Introduced yesterday, budget bill C-86 includes changes to the Patent Act, Trade-marks Act, Copyright Act, enacts the College of Patent Agents and Trade-mark Agents Act and makes changes for IP licenses in insolvency. Some highlights include a college to regulate agents, reform of the Copyright Board, allows patent file histories to be admissible to rebut claim constructions, add bad faith as a ground of opposition for trademarks, and adds requirements for notices under the notice-and-notice copyright regime.
The legislation, entitled “A second Act to implement certain provisions of the budget tabled in Parliament on February 27, 2018 and other measures” (link) addresses many of the National IP Strategy items announced in April 2018 (see earlier post).
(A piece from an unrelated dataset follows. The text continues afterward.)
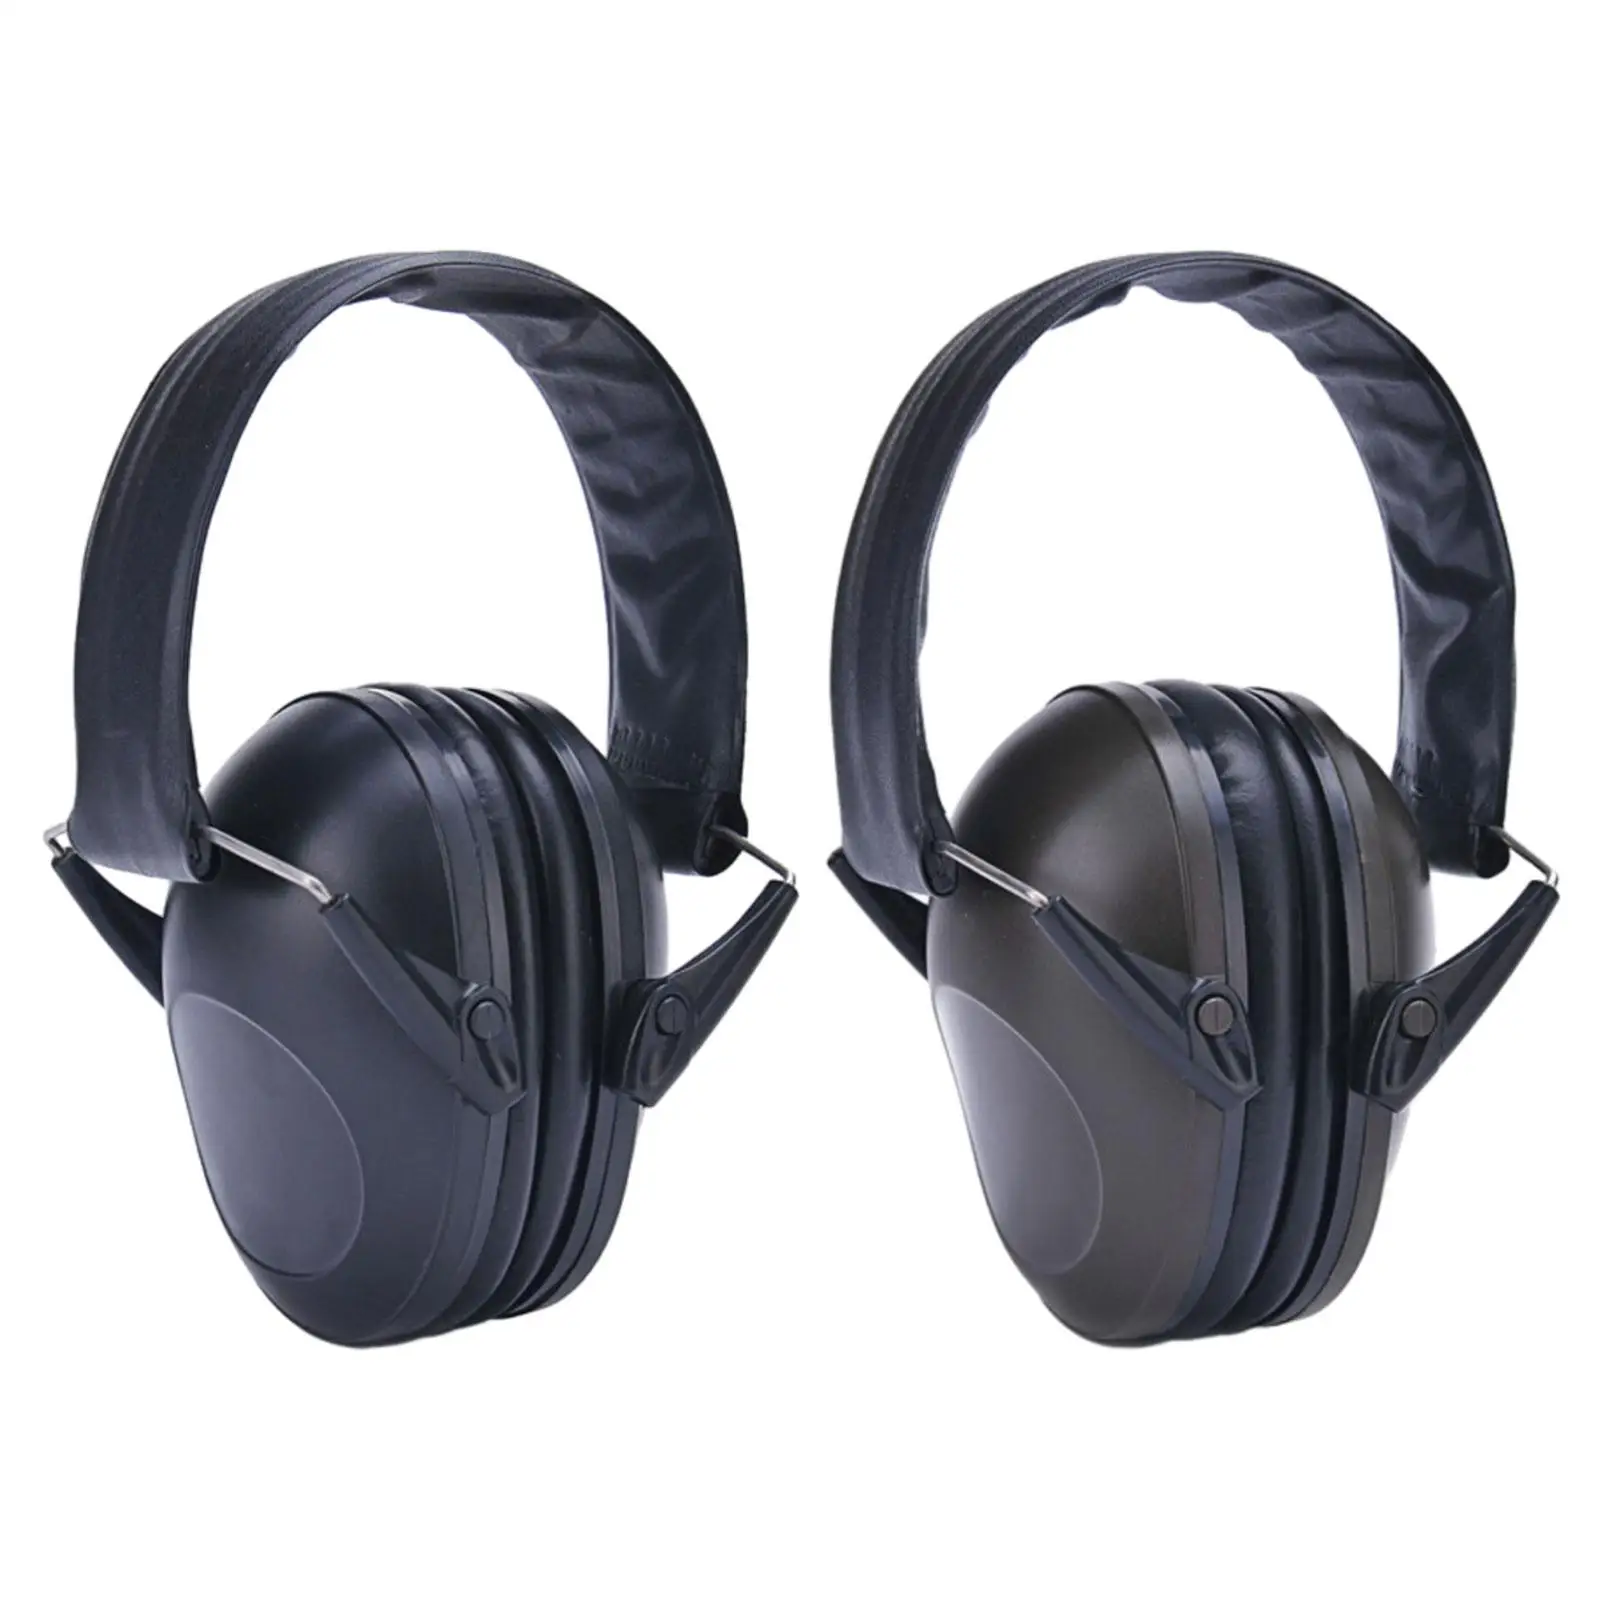 Hearing Ear Protection Noise Reduction Soundproof Earmuffs Comfortable Ear Protector for Airplane Gaming Office Studying Mowing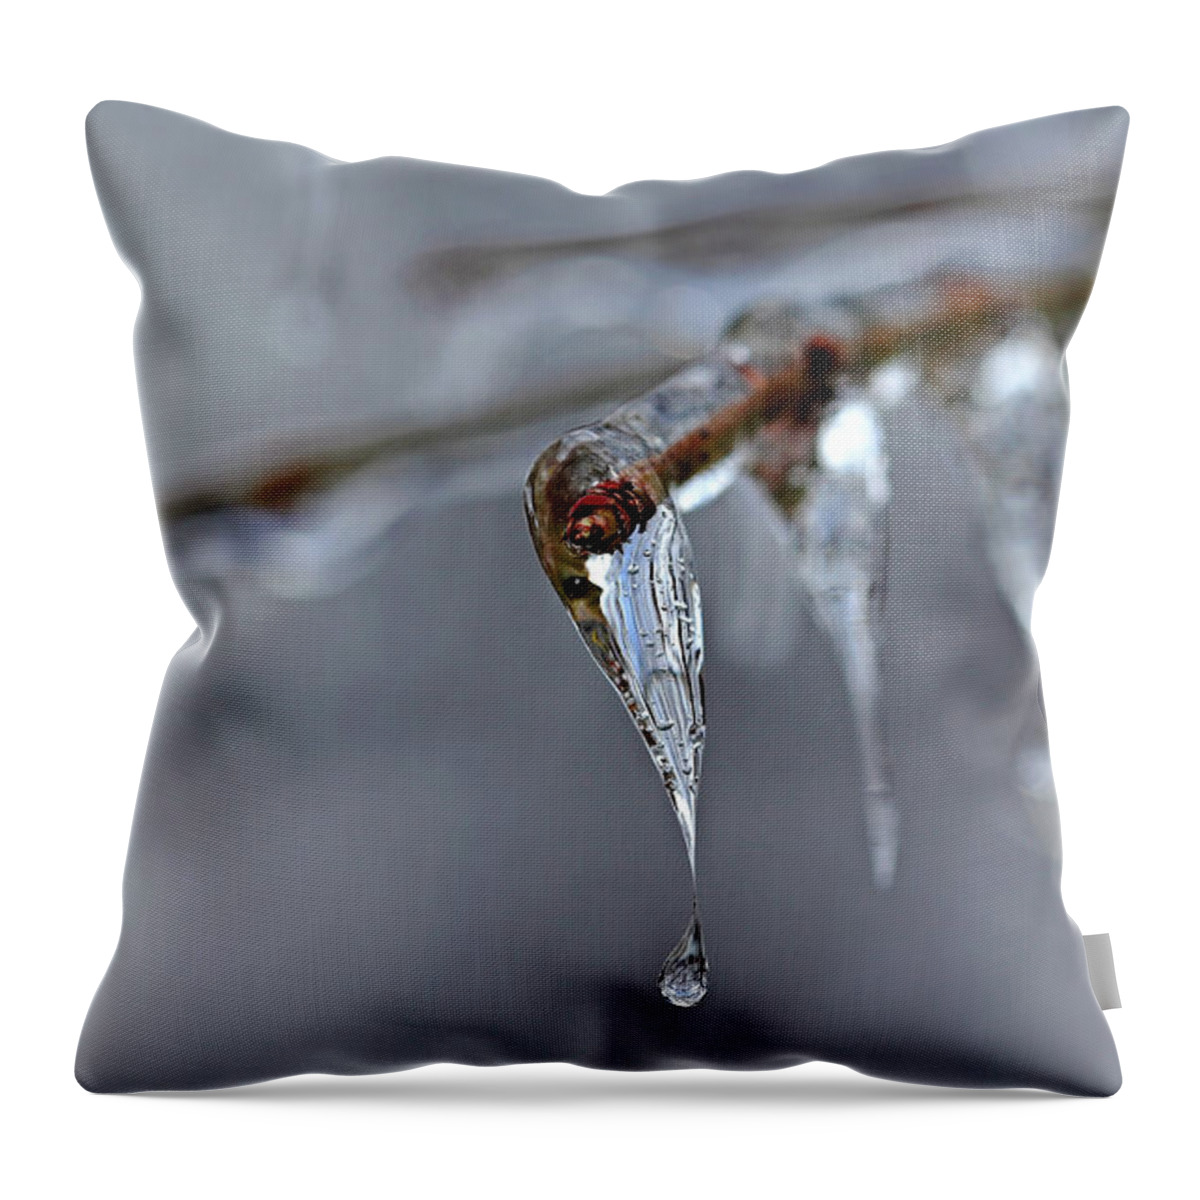 Icicle Throw Pillow featuring the photograph Icicle Teardrop by Debbie Oppermann

From the summary, the following changes are included (see specific sections for details):
Enacts the College of Patent Agents and Trade-mark Agents Act [s.247 and following] which will establishes the College of Patent Agents and Trade-mark Agents, which is to be responsible for the regulation of patent agents and trade-mark agents in the public interest.
Reforms the Copyright Board [s.280 and following] “so as to improve the timeliness and clarity of its proceedings and decision-making processes”.
Amendments to the Patent Act [s187 and following]:
(a) provide a regulation-making authority for the establishment of requirements for written demands relating to patents;
(b) specify that an act committed for the purpose of experimentation relating to the subject matter of a patent is not an infringement of the patent and that licencing commitments that bind the owner of a standard-essential patent or the holder of a certificate of supplementary protection that sets out such a patent bind any subsequent owners or holders;
(c) expand the rights of a person in respect of a claim in a patent who meets the requirements to be considered a prior user;
(d) ensure that patent prosecution histories may be admissible into evidence for certain purposes;
(e) clarify when a late fee must be paid in respect of divisional applications as well as when the confidentiality period begins in the case where a request for priority is deemed never to have been made.
(f) bind subsequent owners of patents to commitments for standard essential patents (and CSPs).
The legislation amends the Trade-marks Act [s.214 and following] to, among other things
(a) add bad faith as a ground of opposition to the registration of a trade-mark and for the invalidation of a trade-mark registration;
(b) prevent the owner of a registered trade-mark from obtaining relief for acts done contrary to section 19, 20 or 22 of that Act during the first three years after the trade-mark is registered unless the trade-mark was in use in Canada during that period or special circumstances exist that excuse the absence of use;
(c) clarify that the prohibitions in subparagraph 9(1)(n)(iii) and section 11 of that Act do not apply with respect to a badge, crest, emblem or mark that was the subject of a public notice of adoption and use as an official mark if the entity that made the request for the public notice is not a public authority or no longer exists; and
(d) modernize the conduct of various proceedings before the Registrar of Trade-marks, including by providing the Registrar with additional powers in such proceedings.
(e) housekeeping amendments to the Trade-marks Act, the Economic Action Plan 2014 Act, No. 1 and the Combating Counterfeit Products Act.
Amend the Copyright Act [s.243 and following] to specify that certain information is not permitted to be included within a notice under the notice and notice regime and to provide for a regulation-making power to prohibit further types of information from being included within such a notice.
The legislation will also amend [s.265 and following] the Bankruptcy and Insolvency Act to provide that intellectual property users may preserve their usage rights when intellectual property rights are sold or disposed of in an insolvency proceeding or when the agreement relating to such property rights is disclaimed or resiliated in such a proceeding and amends the Companies’ Creditors Arrangement Act to provide that intellectual property users may preserve their usage rights when intellectual property rights are sold or disposed of.